In a classification example, where we want to find a pass or fail outcome, Figure 1 demonstrates the relationship would be relatively easy to find, although drawing the delineation line isn’t trivial. However, finding the relationships in Figure 2 is almost impossible using linear regression. So, we turn to ML, and specifically NNs to find the non-linear relationships demonstrated in Figure 2.

Figure 2 – two examples of non-linear relationships between the input data and the delineation for the classified output data.

Figure 2 – two examples of non-linear relationships between the input data and the delineation for the classified output data.

Quite often, linear regression relies on statistical analysis to find the equation we’re looking for to predict the output based on the independent input data. The major difference between statistical analysis and ML is how we use the data. In statistics the data scientist will analyze the data to initially find equations that meet simple linear relationships between the input and the output. As the models become more complex and the patterns harder to find, the data scientist adopts a whole new array of mathematical tools. The point here is that the analysis of the data, and hence the design of the statistical model, relies almost entirely on the skill of the data scientist and their ability to find the relationships between the data and the predictions. In other words, they must be domain experts.

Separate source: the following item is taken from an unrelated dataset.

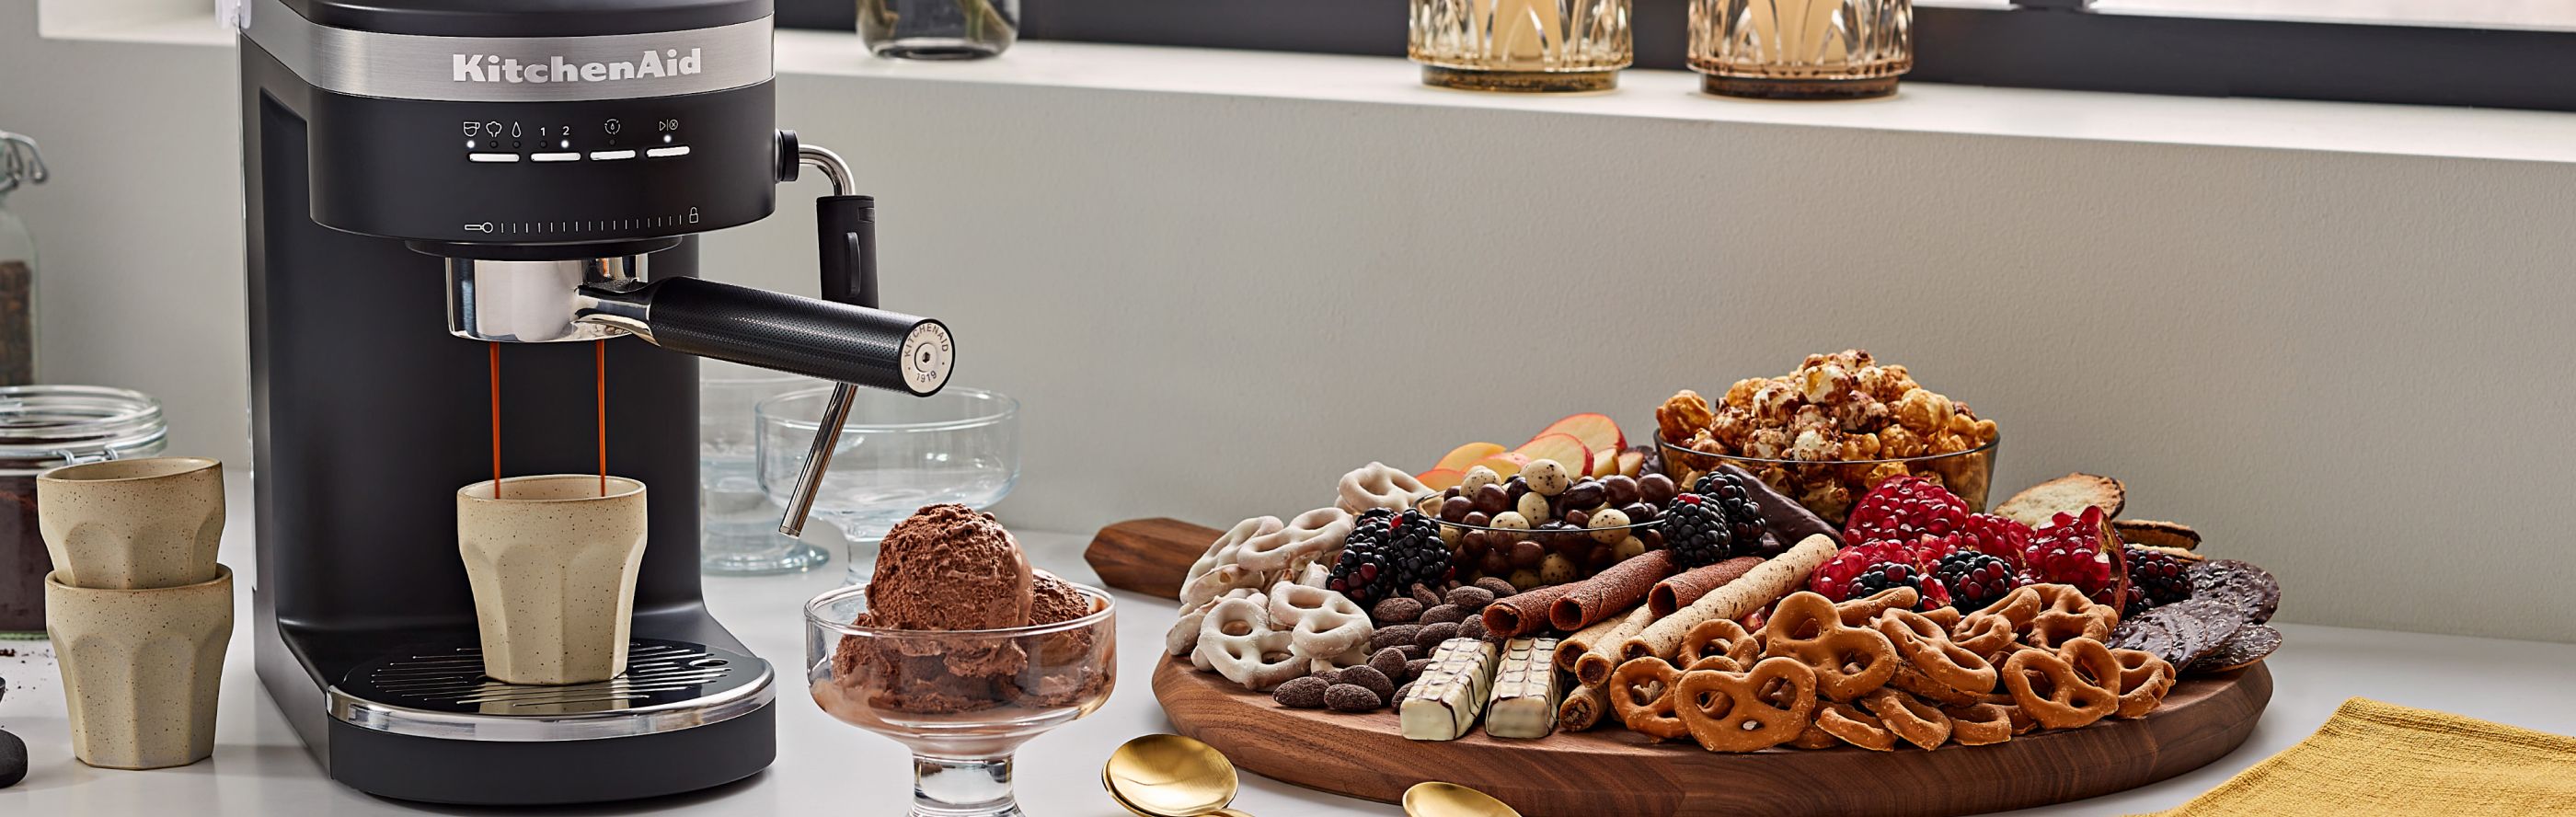 KitchenAid® espresso machine with dessert charcuterie board

ML differs greatly from statistical analysis as the model “learns” patterns within the data set based on generalized models. These include MLPs (Multi-Layer Perceptron’s), RNN (Recurrent Neural Networks), LSTMs (Long Short-Term Memory) and GAN (Generative Adversarial Networks), to name but a few. The basic concept is that we apply “training” data to the models and through some fairly involved mathematical processes the parameters within the networks are optimized so that when the input is presented to the network, the output meets the prediction. More fundamentally, the data scientist does not need to be a domain expert in the field they are working in. It’s fair to say that we still need a domain expert to classify the data, but this would be somebody such as a QC engineer who can pass or fail the images. However, the data scientist building the complex ML models treats the video and its QC classification as data. They don’t need to understand where the boundary of pass and fail exists, only that it does, and that they design and train a model to provide the desired classification or prediction.

When we talk about ML it covers two distinct processes, the training, and evaluation. Training is the process of teaching the model to find the patterns within the training dataset that matches the desired output. After the model is trained, previously unseen data is presented to the model during the evaluation phase which in turn provides a pass or fail output.

Training is based on presenting tens, or even hundreds of thousands of datapoints so that the parameters within the model can be automatically adjusted. These same parameters are used during evaluation so that the model can now provide a classification prediction on previously unseen data. Later in this series we delve deeper into the fundamentals of training and evaluation to demonstrate how complex this process really is.

Although classification is used extensively by ML to tag images and sound, ML also comes into its own when we start considering prediction, specifically in compression and standards rate conversion. If an ML model can predict the next frame of video, or sequence of frames of video, then we have an incredibly powerful tool. We no longer need to be concerned with motion compensation as the model will be able to predict the next pixel values. And a similar argument applies to video and audio compression.

One of the interesting aspects of ML is that the training data implies the solution is based on past experiences. This is similar to the operation of the human brain, and this is one of the reasons pundits draw comparisons to the workings of the mind. ML doesn’t pretend to replace the human brain in any way, but it does replicate the methods with which we all learn. In later parts of this series, we look at the importance of training data and how confirmation bias can affect the quality of the ML solution. ML is all about the training data!